[co-author: Ryan Lennon]*
In the recent decision of Re Intellicomms Pty Ltd (in liq)  VSC 228, the Victorian Supreme Court considered whether the sale of business assets immediately prior to Intellicomms Pty Ltd entering a Creditor’s Voluntary Winding Up was a Creditor-defeating disposition for the purposes of section 588FDB of the Corporations Act 2001 (Act).
Intellicomms provided translation services in Australia and New Zealand. On 8 September 2021 Intellicomms entered into a sale agreement with Tecnologie Fluenti Pty Ltd (Tecnologie) under which Tecnologie bought Intellicomms’ business assets but did not become liable to pay any of Intellicomms’ creditors.
On 8 September 2021 (shortly after signing the business sale agreement) Intellicomms’ sole Director convened a Shareholders’ Meeting at which it was resolved to place Intellicomms into Creditor’s Voluntary Liquidation.
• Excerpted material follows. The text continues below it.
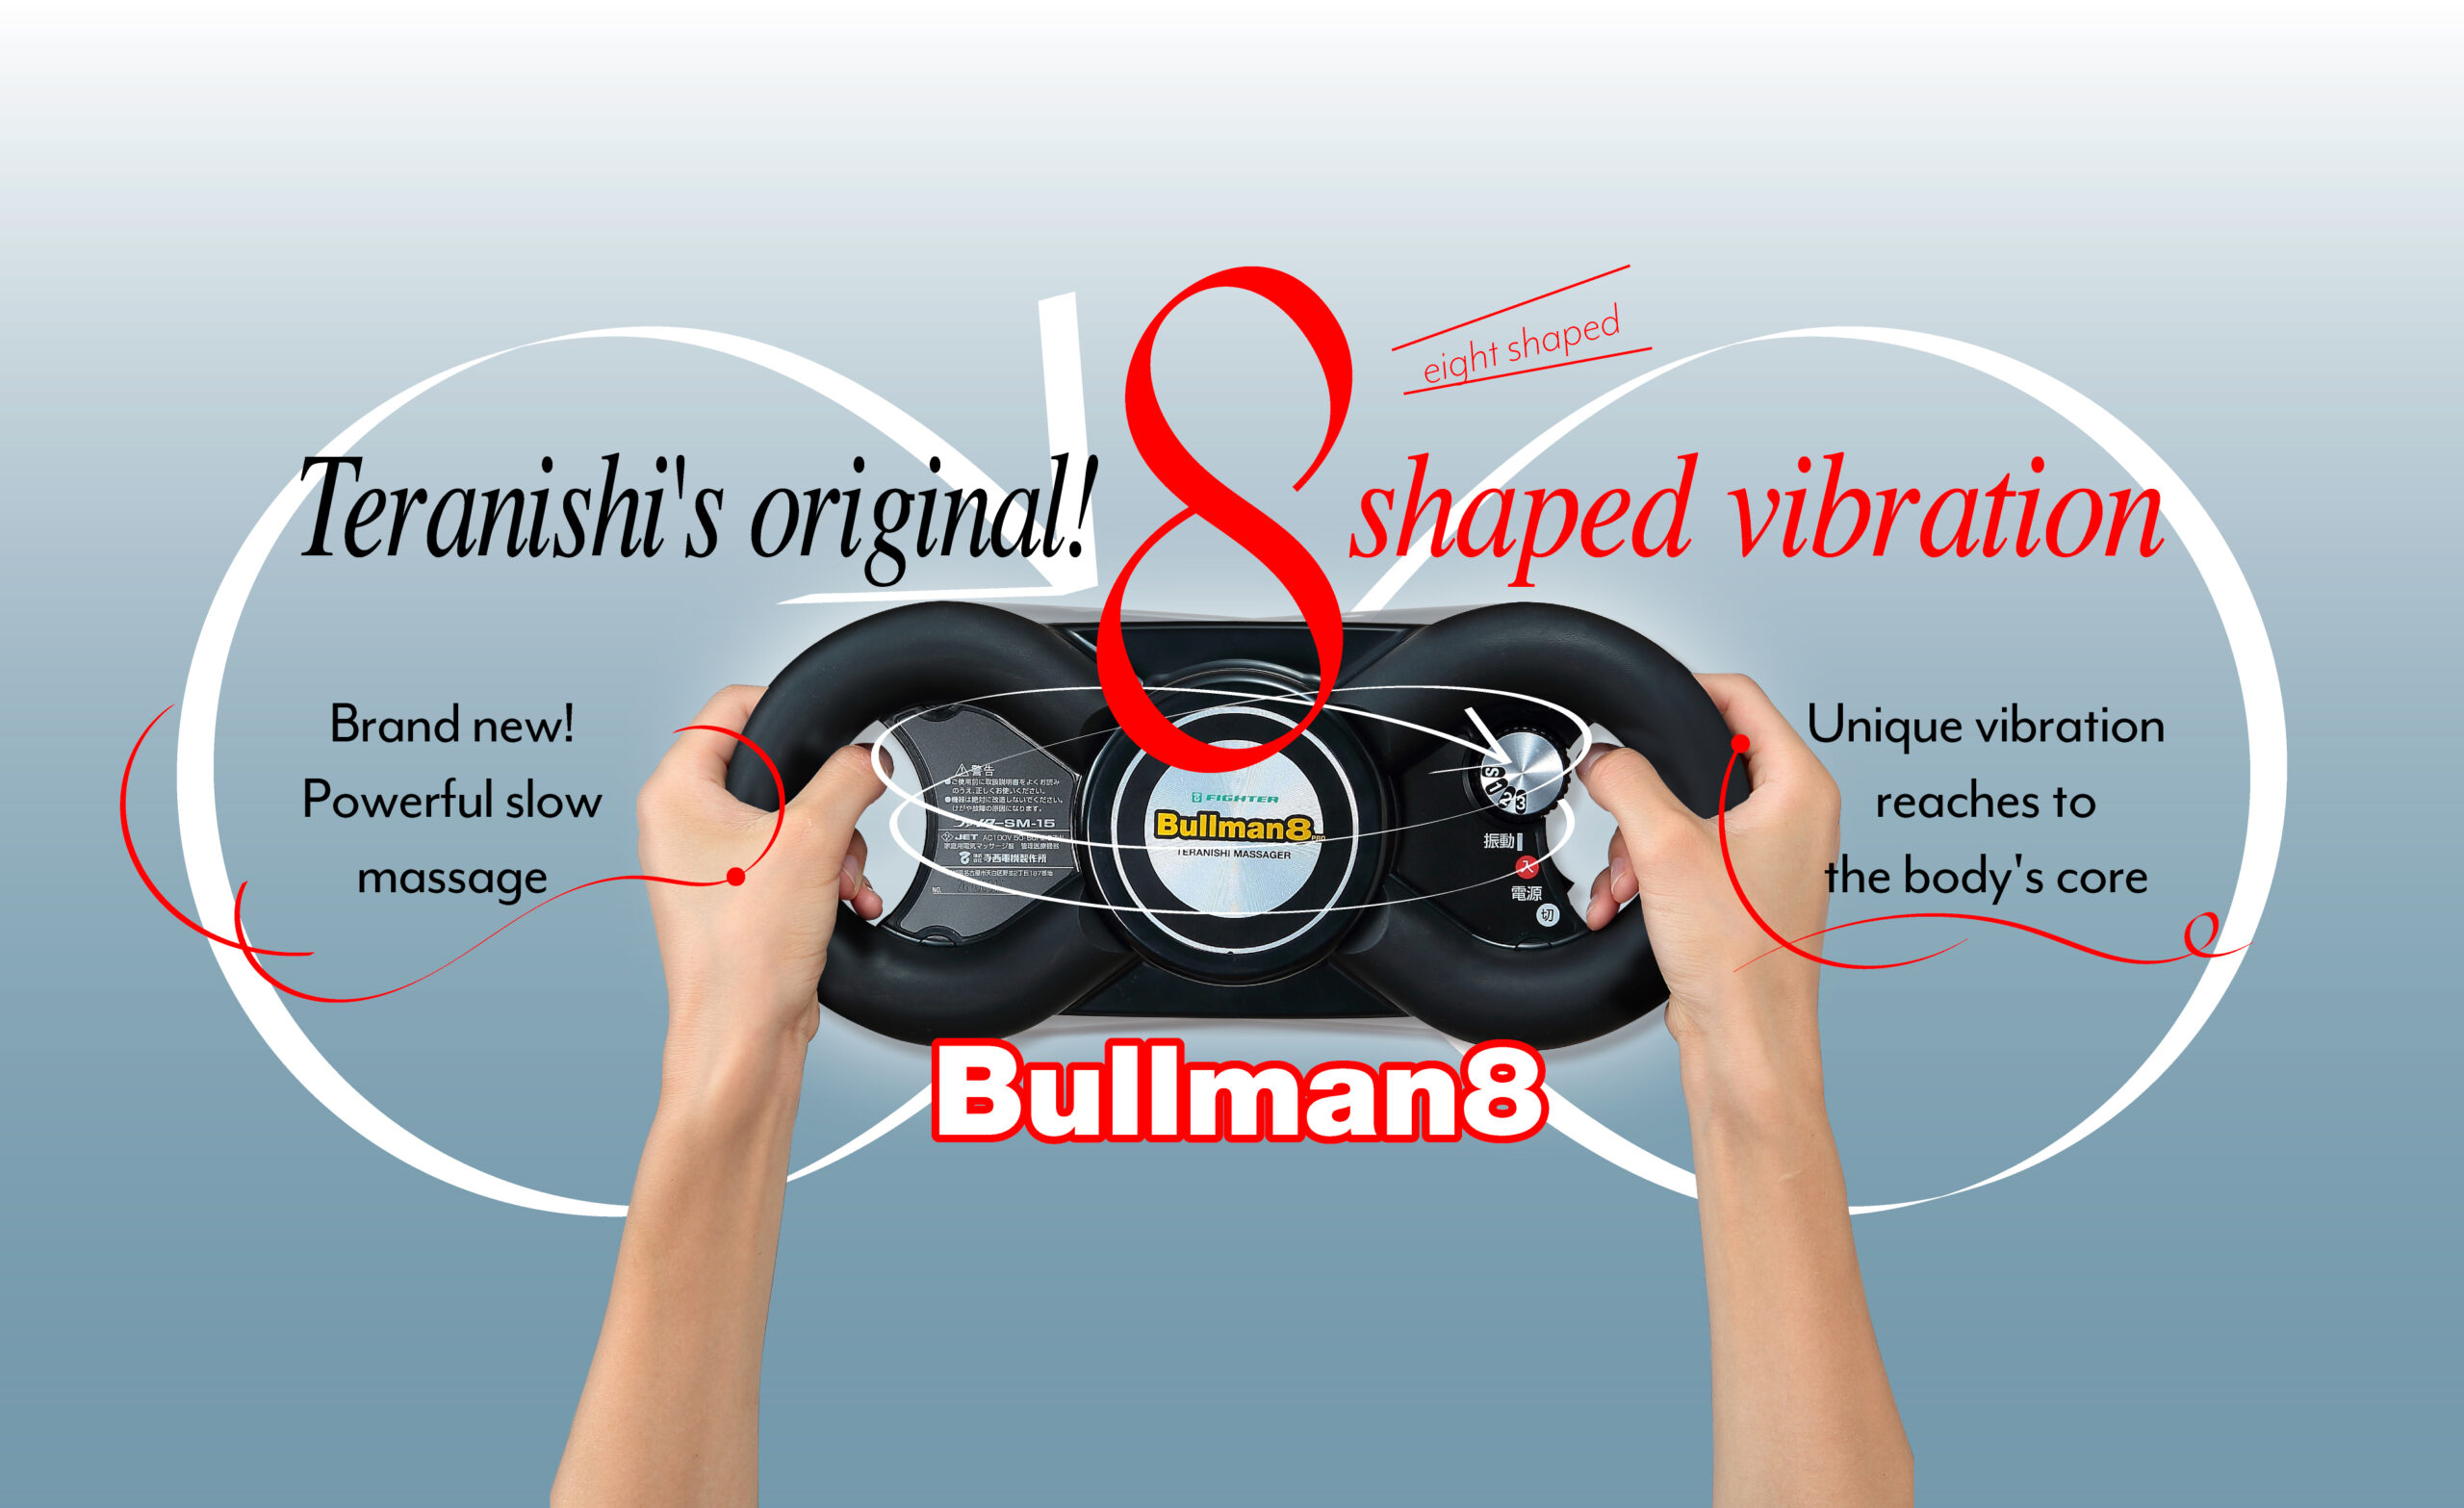 8 shaped vibration Bullman8

Intellicomms Sole Director failed to inform other Shareholders and a Creditor, Callscan Australia Pty Ltd (Callscan) of the sale agreement that she had entered into on Intellicomms’ behalf minutes before the meeting.
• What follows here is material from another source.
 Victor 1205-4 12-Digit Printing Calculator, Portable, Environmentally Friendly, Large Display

Tecnologie’s sole Director and Shareholder is Intellicomms’ sole Director’s sister.
Intellicomms is the first reported decision dealing with section 588FDB of the Act.
The Court considered what the Plaintiff needed to prove to establish that the business sale was a Creditor Defeating Disposition.
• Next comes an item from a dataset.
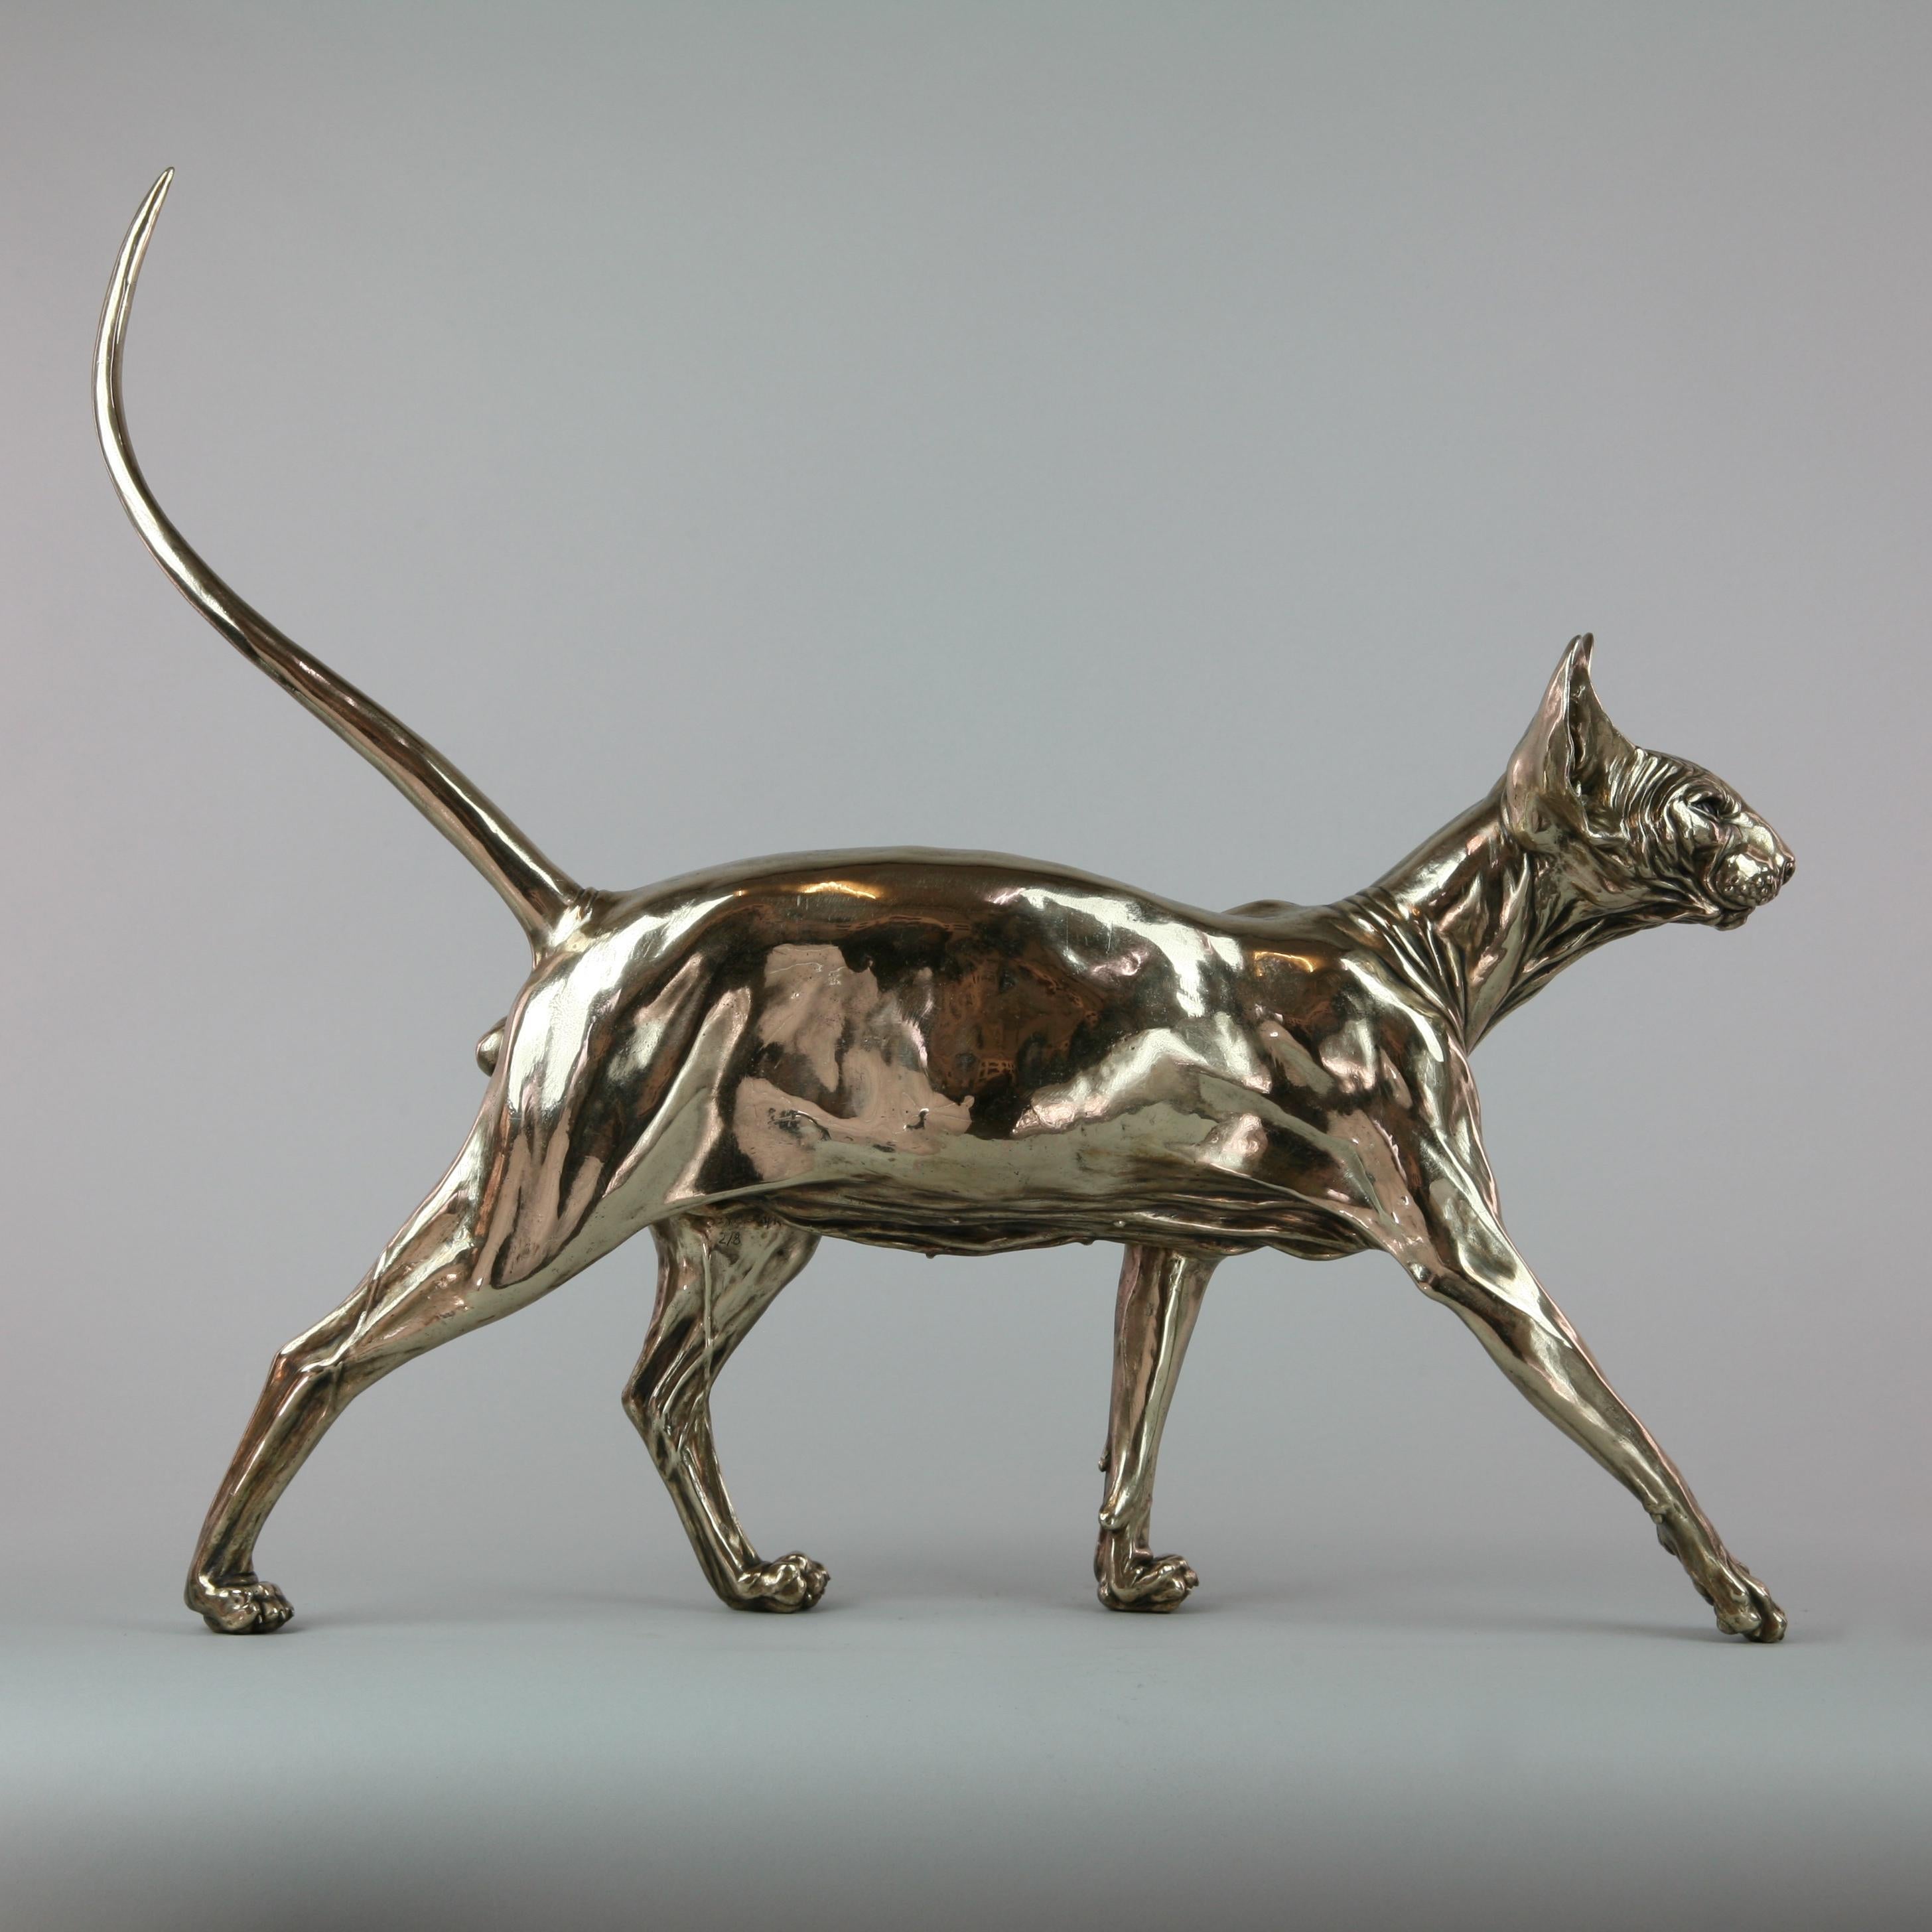 Sphynx Cat II - sculpture wildlife animal limited edition Modern Contemporary

The Act says that a disposition of property will be a Creditor-defeating disposition if:
- the consideration paid to the company was less than the lower of the:
- market value of the property; or
- best price reasonably available for the property; and
- the disposition prevents, hinders or significantly delays the property becoming available for the benefit of the company’s Creditors.
Tecnologie argued that the Liquidator, as Plaintiff, needed to provide evidence that allowed the Court to establish an: “actual monetary value” of the market price and the best price reasonably available.
The Court did not agree with that argument and found that the Liquidator was only required to establish on the balance of probabilities that the consideration payable by Tecnologie to Intellicomms was less than the market price or the best reasonably available price, which ever was lower.
Callscan gave evidence that it was prepared to buy Intellicomms’ business assets for a greater amount than what Tecnologie agreed to pay under the sale agreement.
Further, Intellicomms obtained four separate independent valuations of its business assets in 2021 one on:
- 3 February 2021;
- 26 July 2021;
- 20 August 2021; and
- 8 September 2021.
Each valuation showed a decreasing valuation for Intellicomms. Tecnologie argued that the 20 August and 8 September 2021 valuations prove that it was paying market value for Intellicomms’ business assets.
No explanation was given about why numerous valuations were obtained in such a short time. However, it was shown that Intellicomms provided material for each subsequent valuation that showed a worsening financial position for Intellicomms.
The Court found that those valuations were not an accurate measure of Intellicomms market value because they did not value all of the assets that Tecnologie purchased.
A Phoenix transaction occurs when a company carries on the business of a company that has been liquidated in circumstances where the “new company” pays little to no consideration for the business assets of the “old company”.
The Court in Intellicomms held:
“As I have observed earlier in these reasons, I consider that the Sale Agreement has all the features of what has become known as a phoenix transaction; indeed, it is a brazen and audacious example.”
What does the decision mean?
Intellicomms provides guidance on what evidence a Liquidator will need to present when seeking Orders declaring a disposition a Creditor-defeating disposition and, therefore, voidable under section 588FE(6B) of the Act.